Тук-тук, коридор, как мозговая косточка, о двух концах, вместо мозга

– мутноватый накуренный воздух, линолеум в язвочках от окурков, две никак не студентки корейского вида говорят на, должно быть, корейском. Сто пятьдесят: стучу, стучу два, стучу три, открывает – вам кого – раскосая девушка в джинсах и – Лазарева Оксана здесь живет – в свитере – ее сейчас нет – в шлепанцах и – а когда она будет – с косицей – не знаю. Хочется где-нибудь сесть, поэтому говорю: а я брат ее. Открывает пошире: у Оксаны нет братьев. Я, говорю, двоюродный брат. Ну если двоюродный, тогда ладно. Подожди, может, скоро придет. А если не придет? Рано или поздно придет.

Закрывает. Все.

Хожу по коридору туда-сюда, от скуки вспоминаю сегодняшний день: проспал на диване в художественной школе, весь день изучал альбомы в учительской: Русский музей, немецкий нечитабельный том с африканскими масками, длиннолицыми каменными божками, экспрессионистами, фовистами, кубистами и дадаистами, и тонкого

Босха, и толстого Гойю, и много заросших прудов Левитана, и много бутербродного масла Серова, и много шахматных досок Мондриана, и много мятых женщин, коров и щенят на картинах Филонова. В шесть часов пришла мятая-перемятая, ломаная-переломаная женщина Катерина

Геннадьевна, открыла дверь, принесла мне мятых-перемятых денег и французский батон. Батон я тут же обгрыз, Катерине Геннадьевне сказал спасибо раз четырнадцать, деньги засунул в карман и пошел за вещами. Катерина Геннадьевна мне велела держаться, велела вернуть пистолет, велела быть умницей, я ей сказал, что все это выполню.

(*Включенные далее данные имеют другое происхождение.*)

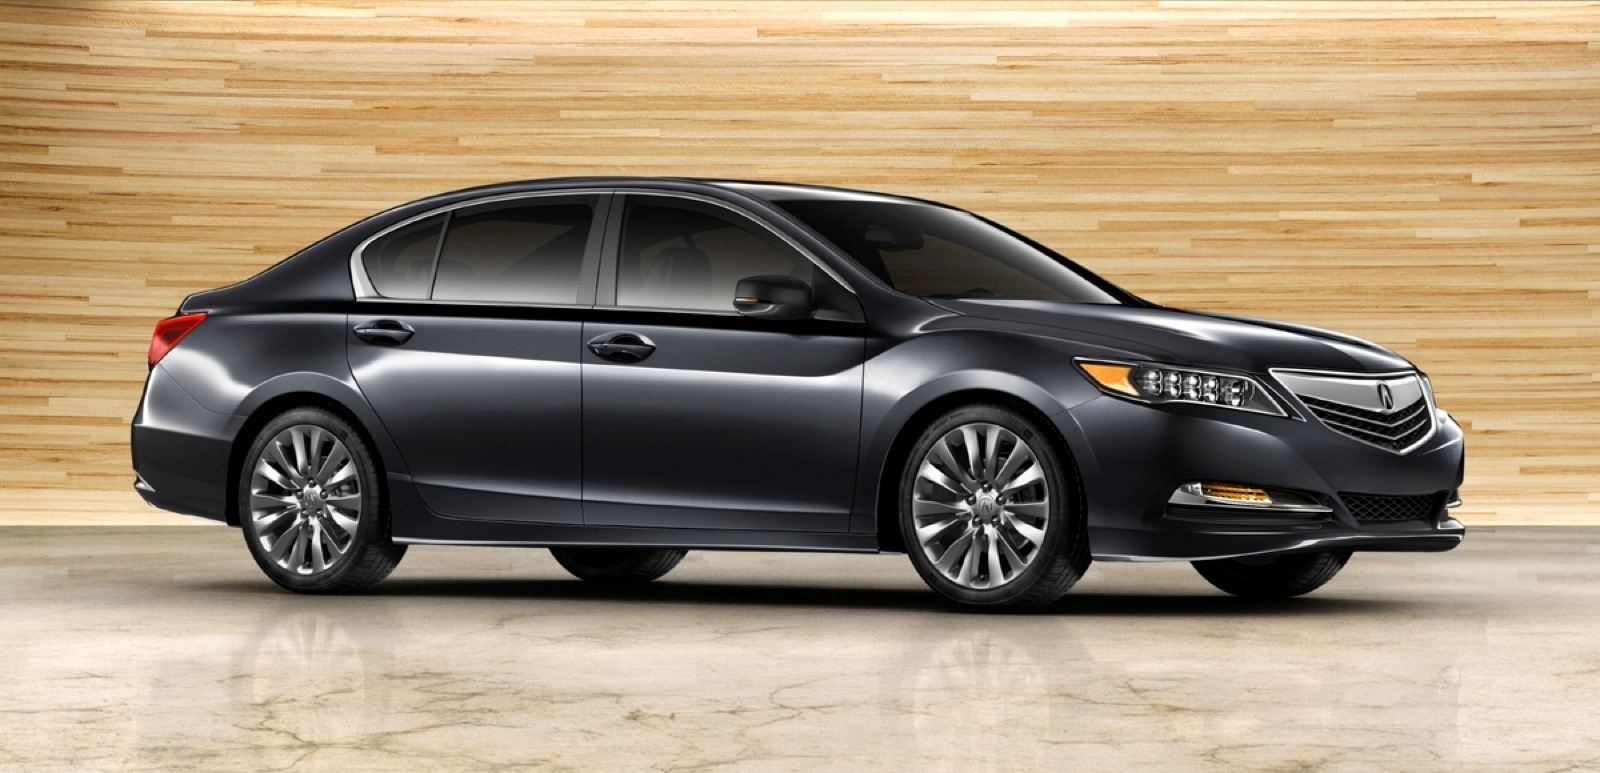 """بالفيديو والصور .. سيارة اكيورا 2014"""" Acura RLX"""" .. انسيابية وأداء سريع 2014-acura-rlx_100410661_h"""

Дома, по счастью, отец был пьян, мать пьяна, даже собака была, как мне показалось, пьяна, потому что нагадила в ванной. Пистолет положил, где взял, было жалко, что не выстрелил для порядка хоть во что-нибудь. Скучно было вот так действовать: спокойно и правильно.

Взял одежду и обувь. Взял еще денег. Когда брал еще денег, стало окончательно скучно. Подумал: ружье осталось висеть на стене до конца. Трем сестрам раздали билеты на поезд. В этом мире жить скучно, а умирают только один раз. Закрыл за собой дверь и поехал к сестре.

2

Бывает, что все прямоугольные фотокарточки выброшены и все квадратные моментальные снимки тоже выброшены. И ничего никогда не хочется делать в первый раз. От целого города остались одни сфинксы с желтыми крыльями, и сетовать на это так же глупо, как на то, что велосипед изобрели до твоего рождения. Только очень наивный и очень добросердечный человек может искренне радоваться тому, что было до него, а есть такие, что не могут пить вино, сделанное годом раньше, чем сделали их самих, и если в чем их нельзя упрекнуть, так это в снобизме. Впрочем, их ни в чем нельзя упрекать, да и некому, потому что от тех, кто старше, они упреков выслушивать не захотят, а от тех, кто младше, не будут просто по праву старшинства. Конечно, в этом есть свой резон.

То есть мог быть резон. К сожалению, ни легкие не спросят у вас при рождении, хотите ли вы их, ни кровеносные сосуды, ни печень, ни все остальное. И чем дольше затягивается ваше рождение, тем меньше у вас будет шансов допросить их, зачем они, и выслушать ответ.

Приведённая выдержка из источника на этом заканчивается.